This is part of SSUC’s March Spiritual Gathering Series
which seeks wisdom found in 2019 Oscar nominated films.
Bao centres around a middle-aged Chinese woman living in Toronto. After her husband shoves three freshly-prepared bao (dumplings) into his face and heads out for the day, our protagonist watches as one remaining bao sprouts arms and legs and begins to burble like a baby.
What follows is a chance for this woman to experience all the joys, fears, and sorrows of motherhood. As her child grows, gets hurt, learns new things, and eventually begins to rebel and try to fly the nest with his fiancée, his mother – in a last-ditch attempt at holding on to her dear child – devours him.

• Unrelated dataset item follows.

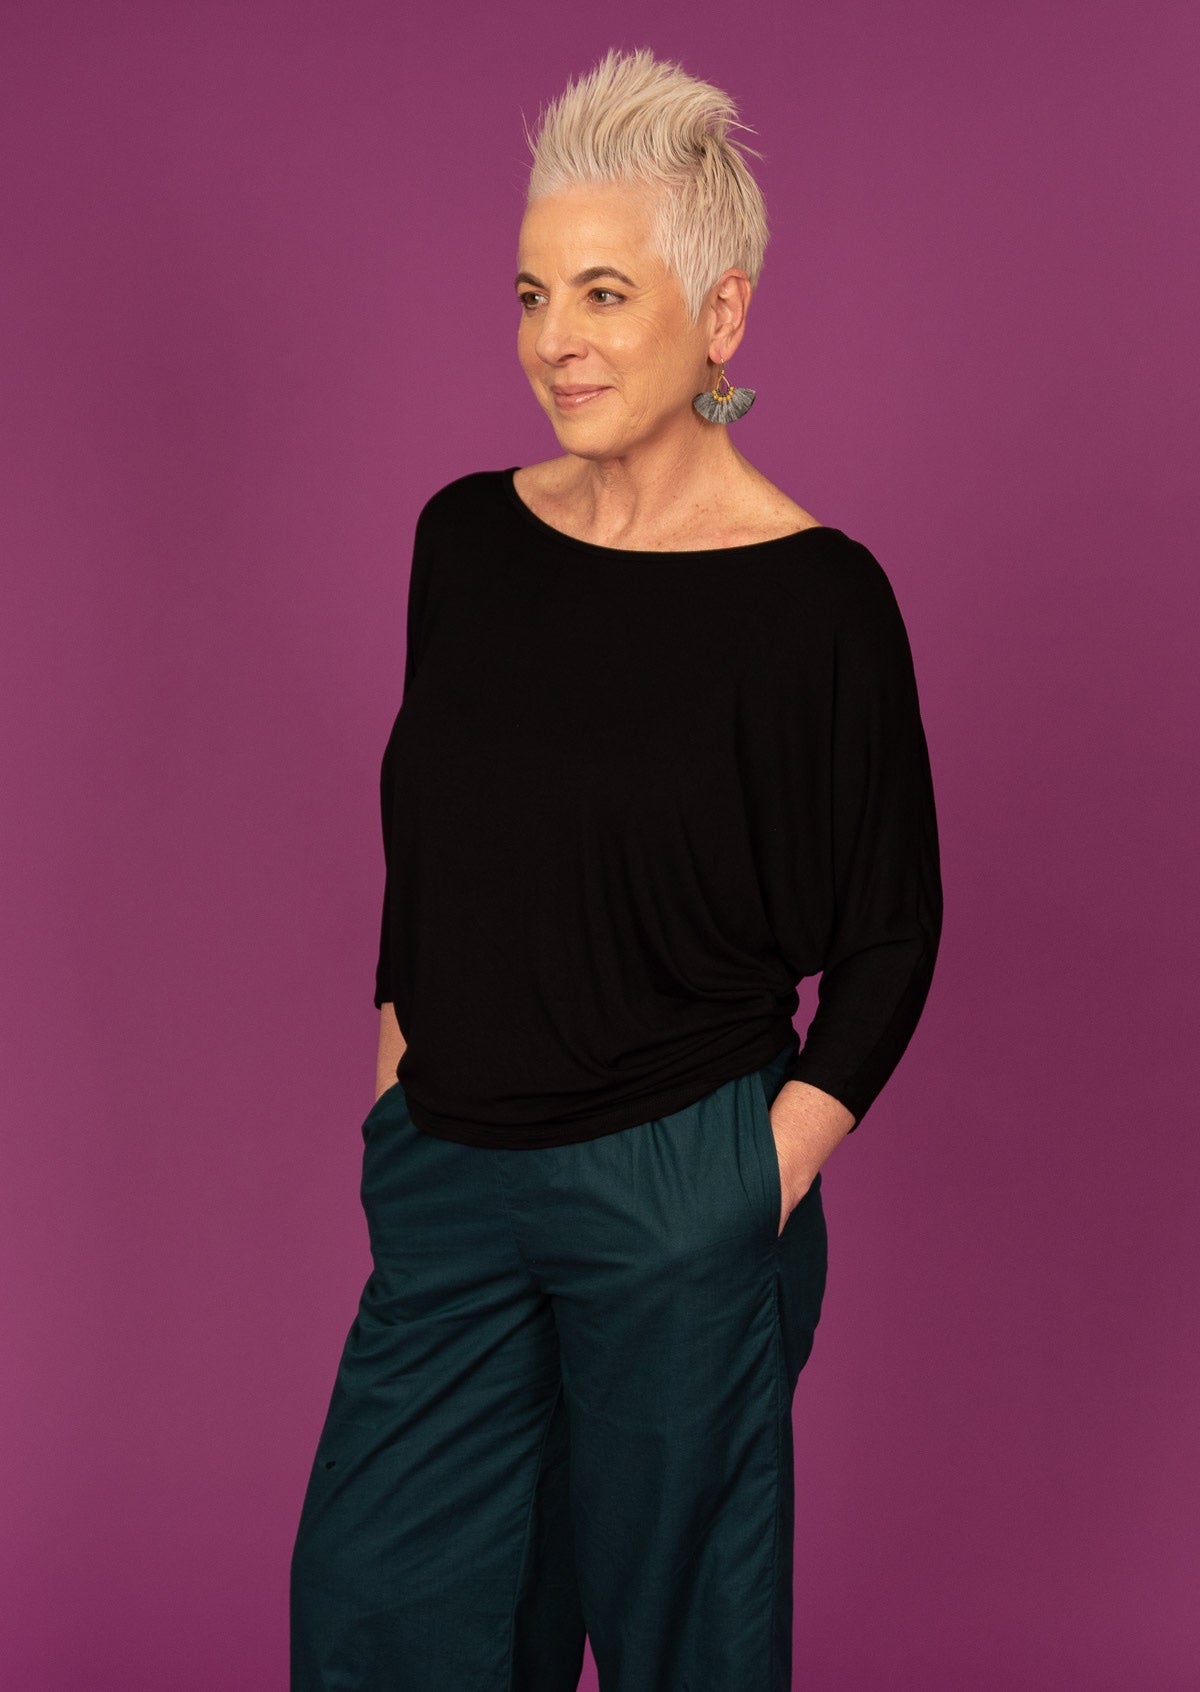 Woman wearing a 3/4 sleeve rayon batwing round neckline black top on purple background.

While the experiences depicted may be specific to Chinese cultural nuances and intricacies, the themes are universal if, as viewers, we can step outside our own perspective. Our cultural signifiers might be different, we may or may not show our love through food, we may or may not see our own culture represented, but basic human emotions of protection, love, care and home are an experience that spans each of us as humans.

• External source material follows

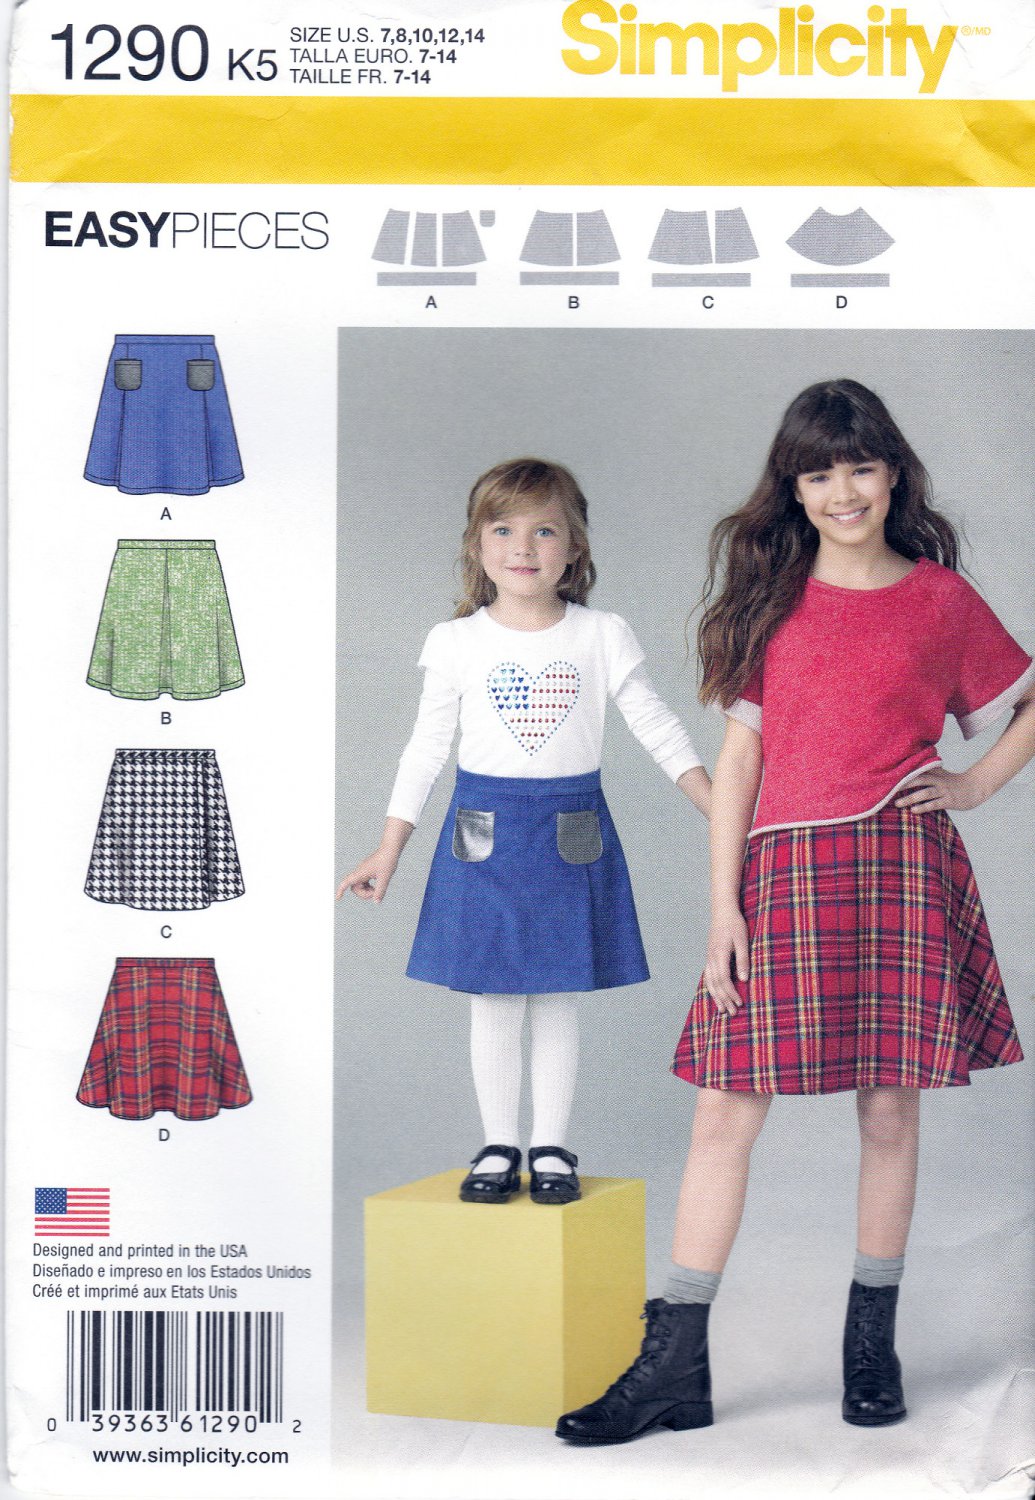 317 Craft Supply Sixties Size 6 Girl Child Vintage Sewing Pattern Set of Shorts Blouse & Skirt Women's Realm- Special pattern

This moment where mom devours her dumpling boy is emotional. The first time I saw this, I gasped. I was taken aback. In an animated film that lasts 7 minutes, we might expect to laugh or to escape with some light entertainment…but this scene hits hard. This moment, as we can see by mom’s immediate reaction to what she’s done, is raw and human; it’s the pain of loss.
I think it’s left up to us whether this moment represented a real-life argument gone wrong, a mother’s attempt to protect her son and keep him at home, or the acceptance of the irony that there was no way she could’ve kept her son safe without losing him.

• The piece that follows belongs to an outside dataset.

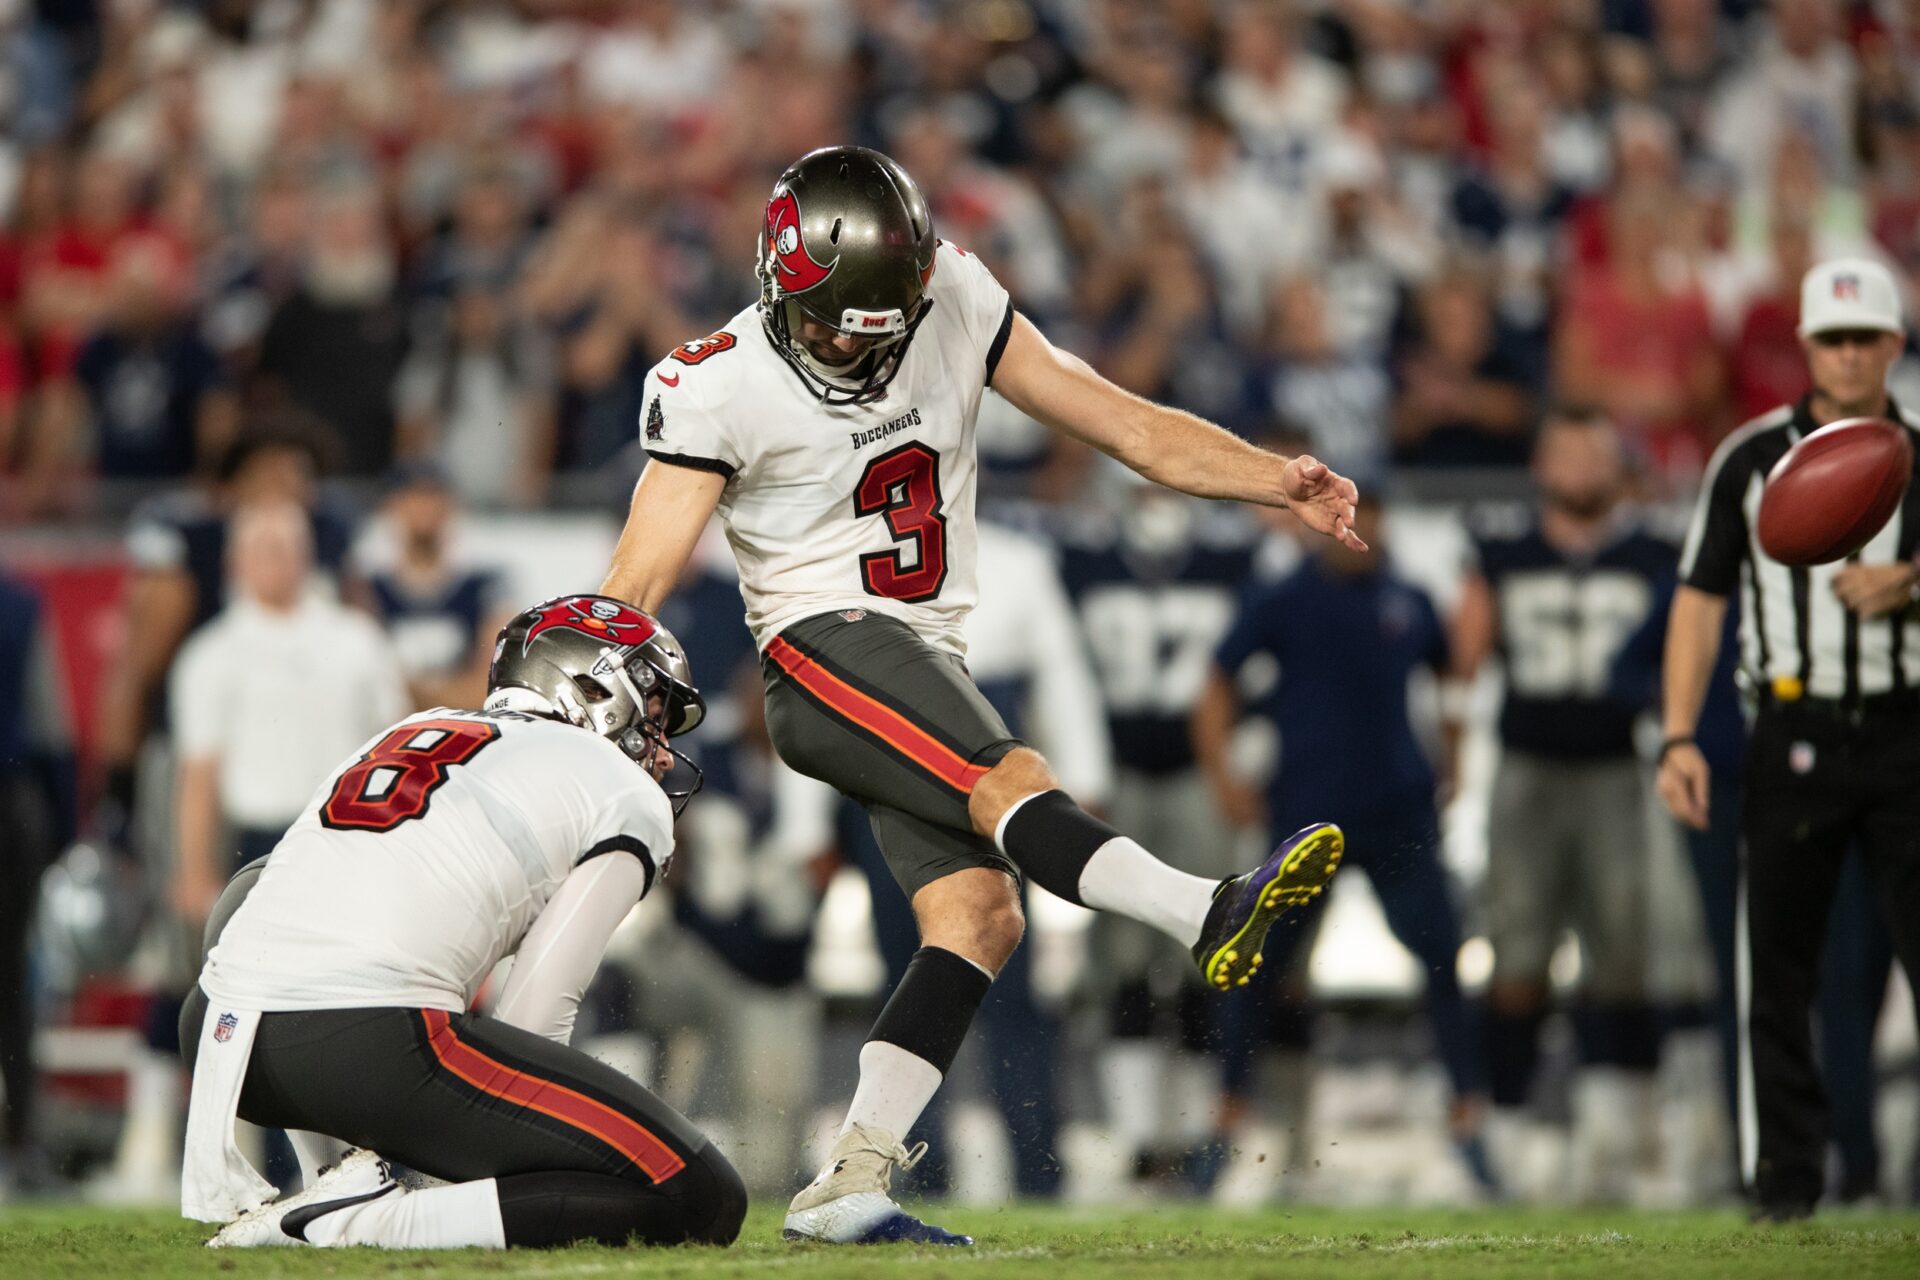 Tampa Bay Buccaneers kicker Ryan Succop (3) kicks the game winning field goal against the Dallas Cowboys in the fourth quarter at Raymond James Stadium.

If our expectations of another don’t allow the kind of freedom
- that lets a child leave home, or
- that lets others outgrow the labels and silouettes to we put around them*, or
- that lets another forge their own path, even if it means diverging from the one we expected,
then this moment in the film is saying to us that our expectations are consuming the ones we care about. We might as well eat them up.
*Mark Nepo, in his book The One Life We’re Given, describes this love in this way:
“We’re too quick to name or label people we meet without taking the time to experience the spirit they carry. And we seldom allow for those we know and love to transcend the name we’ve given them. Then, when they outgrow the silhouette we’ve put around them, we’re surprised, and even see their change as a betrayal.”
Thanks to Domee Shi’s amazing animated short, Bao, we are able to ask ourselves:
- What might happen when we loosen our grip on our all-consuming expectations…of ourselves, of others, of our aspirations?
- Where can we see that we’ve been holding on too tightly?
- What might happen if we give each other the chances we all need to be whole?